The reason for this is mainly that BddVariableSet can actually do quite a bit more than what we’ve shown already:
# If you have a formula that you want to quickly turn into a BDD, you can simply evaluate it as a string:
# (as long as the variable names match the ones in your BddVariableSet)
formula = vars.eval_expression("a & (b => !c) & (d <=> (c & !a))")
# Furthermore, if you have a formula saved in CNF/DNF, you can also build it quite easily.
# Each element in the list is a dictionary containing the literals in the CNF/DNF clause.
# These can use either the BDD variable references, or the names of the variables
conjunction = vars.mk_cnf([{v_a: True, "b": False}, {"c": False, "d": False}, {v_a: True, "c": True}])
# If you only want to create one clause, you can do that as well:
clause = vars.mk_conjunctive_clause({v_a: True, "b": False, "c": True})
clause.cardinality() # Get the number of valuations satisfied in this BDD.
4
To visually inspect the BDDs, you can use a conversion to .dot. Here, we are using graphviz to actually show the pictures of the BDD:
import graphviz
graphviz.Source(formula.to_dot())
For readability, the generated plot omits edges that lead to the zero terminal node. We can show these edges with an optional argument:
graphviz.Source(formula.to_dot(zero_pruned=False))
We can also convert the BDD back to a Boolean expression.

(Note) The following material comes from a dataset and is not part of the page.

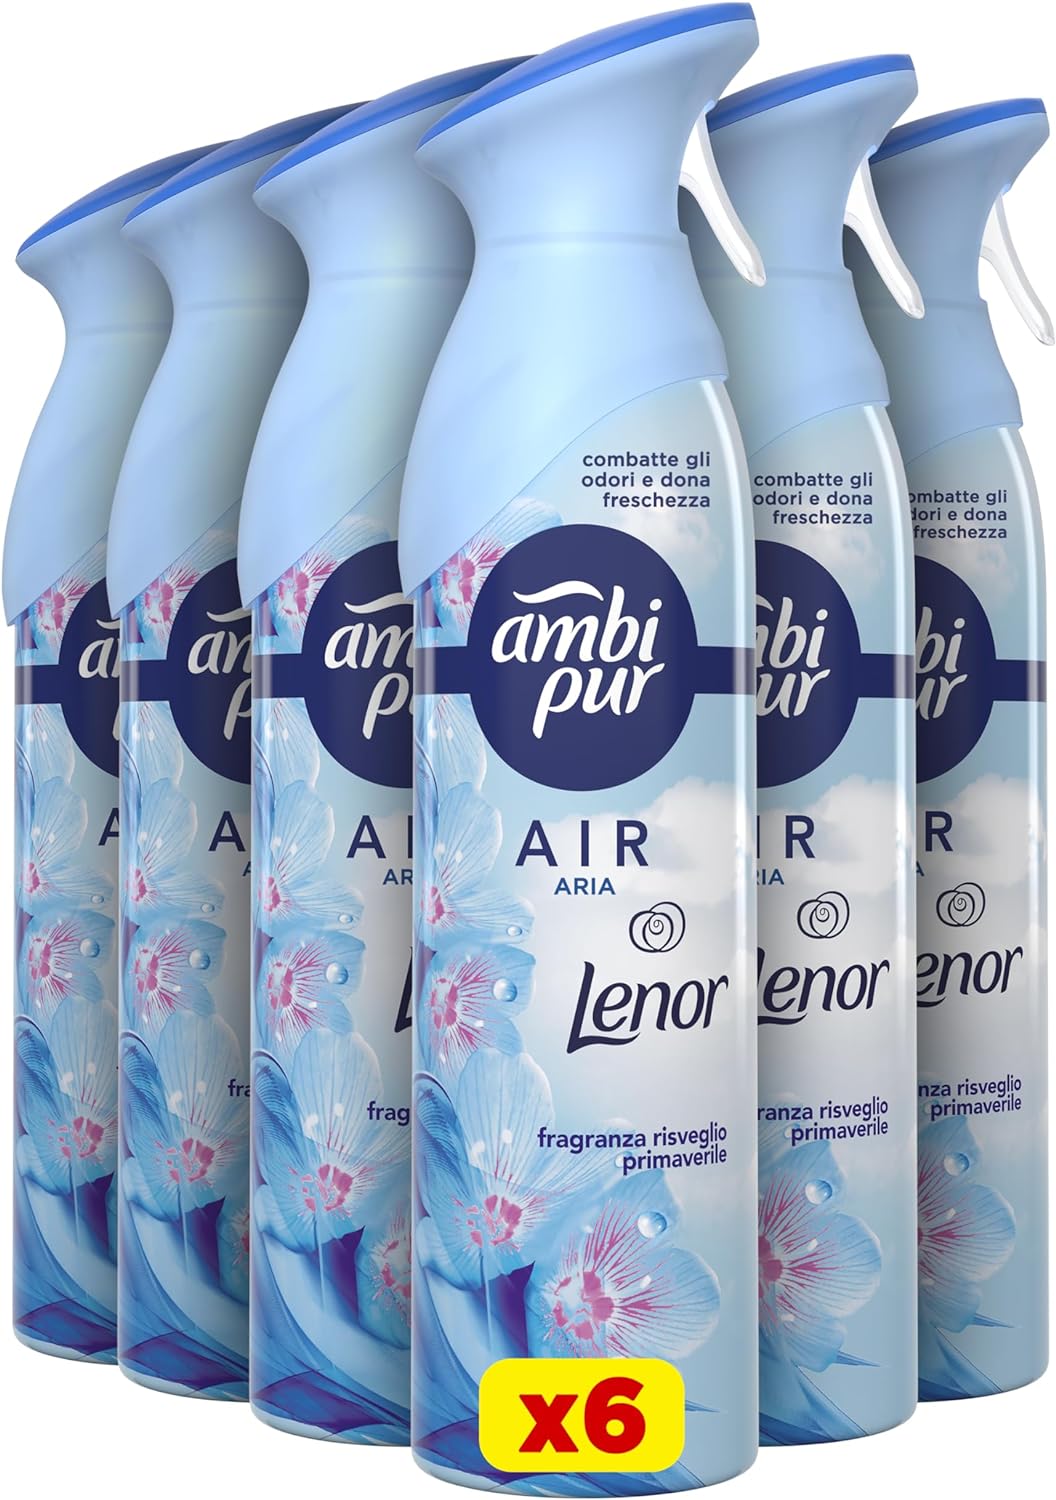 Ambi Pur Air 6 Deodoranti Spray da 300ml Fragranza Lenor Risveglio Primaverile.

However, we are not doing any special minification of the formula here, so the result will be probably larger than the original formula:
formula.to_expression()
BooleanExpression("(a & ((b & (!c & !d)) | (!b & !d)))")
To actually manipulate the BDDs, we can use normal logical operators, as well as projection and selection. But note that Python automatically translates methods and and or to reserved operators, even if used as method names. Therefore, we opted to use a prefix l_* to denote the logical operations and r_* to denote relational operations:
# Basic logical operators:
formula.l_and(conjunction)
formula.l_or(conjunction)
formula.l_xor(conjunction)
formula.l_imp(conjunction)
formula.l_iff(conjunction)
formula.l_and_not(conjunction)
# Projection, either using one variable, or a set of variables.
# Here, we have to use variable references instead of names though,
# since the BDD object has no idea what the actual names of the variables are.
formula.r_exists([v_a, v_c])
formula.r_for_all([v_a, v_c])
# Projection "removes" the influence of a particular variable: F = F[a/0] | F[a/1]
graphviz.Source(formula.r_exists(v_a).to_dot())
Similarly, we can use selection to actually fix a variable to a specific value. Here, we have to also include the Boolean value to which we are fixing. The argument is therefore a dictionary whose keys are BDD variable references.
graphviz.Source(formula.r_select({ v_c: False }).to_dot())
Finally, to transfer and save BDDs, you can use a simple string format that encodes the directed graph. However, a BDD can be also saved using pickle.
# Note that you need to provide the variable set together with the data string:
assert Bdd(vars, formula.data_string()).data_string() == formula.data_string()
# formula.data_bytes() also exists.
formula.data_string()
'|5,0,0|5,1,1|3,1,0|2,2,0|1,2,3|0,0,4|'
Now you’ve covered most of the BDD functionality available in AEON. For more details, you can explore the tutorial which describes the original Rust implementation of BDDs (it has some extra details on certain topics). The rest of the Rust documentation can be also helpful to get deeper insight into how the library works.
Alternatively, you can also explore the documentation for the Python bindings here, where you’ll find the actual list of methods that is available in Python.